Yota Balad Ingatkan! Pascabencana Diabetes & Hipertensi Mengintai Warga Pariaman

Kota Pariaman – Di tengah masa pemulihan pascabencana, Wali Kota Pariaman Yota Balad mengingatkan ancaman yang sering luput dari perhatian. Lonjakan risiko diabetes dan hipertensi akibat tekanan psikologis yang dialami masyarakat.

Peringatan itu disampaikan Yota Balad saat membuka Seminar dan Workshop Kesehatan Pencegahan Komplikasi Diabetes dan Hipertensi Pascabencana di Aula Balaikota Pariaman, Selasa (9/12/2025).

Yota Balad menegaskan, kondisi mental warga yang diguncang musibah bencana kerap memicu stres berat, dan hal ini dapat memperparah penyakit kronis.

“Banyaknya beban pikiran setelah bencana membuat psikologis tidak stabil, ini memicu diabetes dan hipertensi,” ujar Yota Balad.

Ia meminta masyarakat mulai membangun pola hidup sehat, terutama pada masa rawan seperti sekarang.

“Kami berharap semua menerapkan pola hidup sehat dan makan makanan bergizi,” tegasnya.

Yota Balad juga mengungkapkan fakta mencemaskan. Mayoritas kematian warga lanjut usia di Kota Pariaman disebabkan diabetes dan hipertensi, bukan hanya saat pascabencana, tapi juga dalam kondisi normal.

Karena itu, ia meminta para peserta seminar yang terdiri dari tokoh masyarakat, tenaga kesehatan, dan organisasi perempuan.

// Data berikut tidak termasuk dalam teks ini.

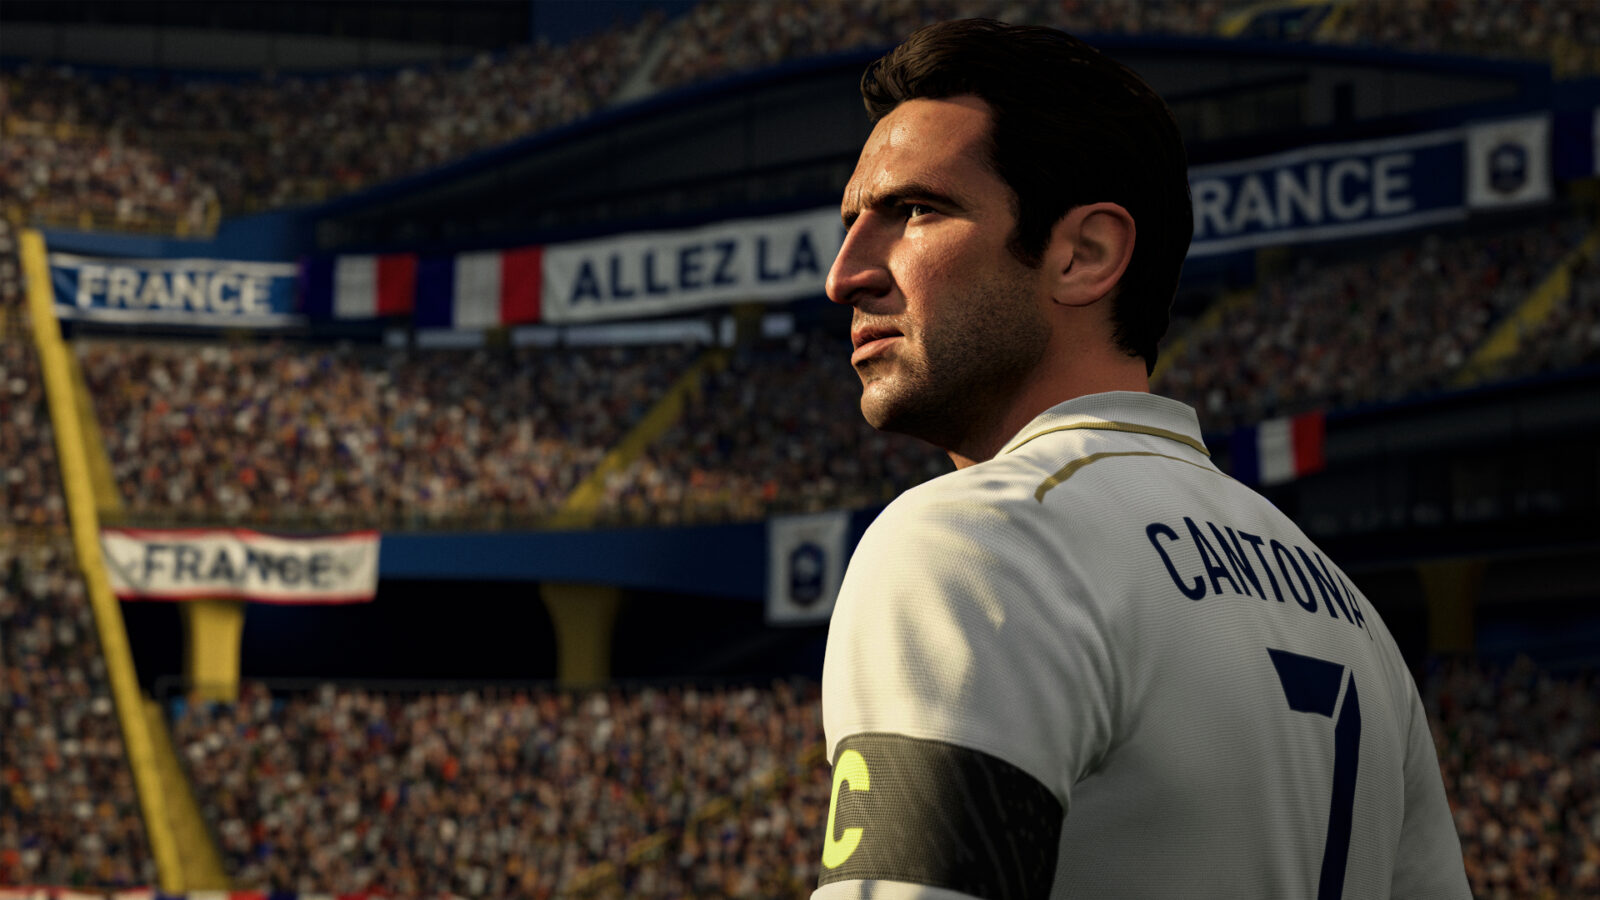 EAは、FIFA UltimateTeamの「ブラックマーケット」の申し立てを調査していることを確認しました

Menjadi agen perubahan di lingkungan masing-masing.

“Bapak/ibu adalah tokoh yang berpengaruh. Mulailah dari diri sendiri, keluarga, lalu lingkungan. Jangan lagi meremehkan diabetes dan hipertensi,” kata Yota Balad menutup sambutannya.

Seminar ini dihadiri TP-PKK Kota dan Kecamatan, GOW, berbagai klinik kesehatan, serta seluruh Puskesmas se-Kota Pariaman, sebagai langkah bersama memperkuat ketahanan kesehatan masyarakat pascabencana.(r-mak).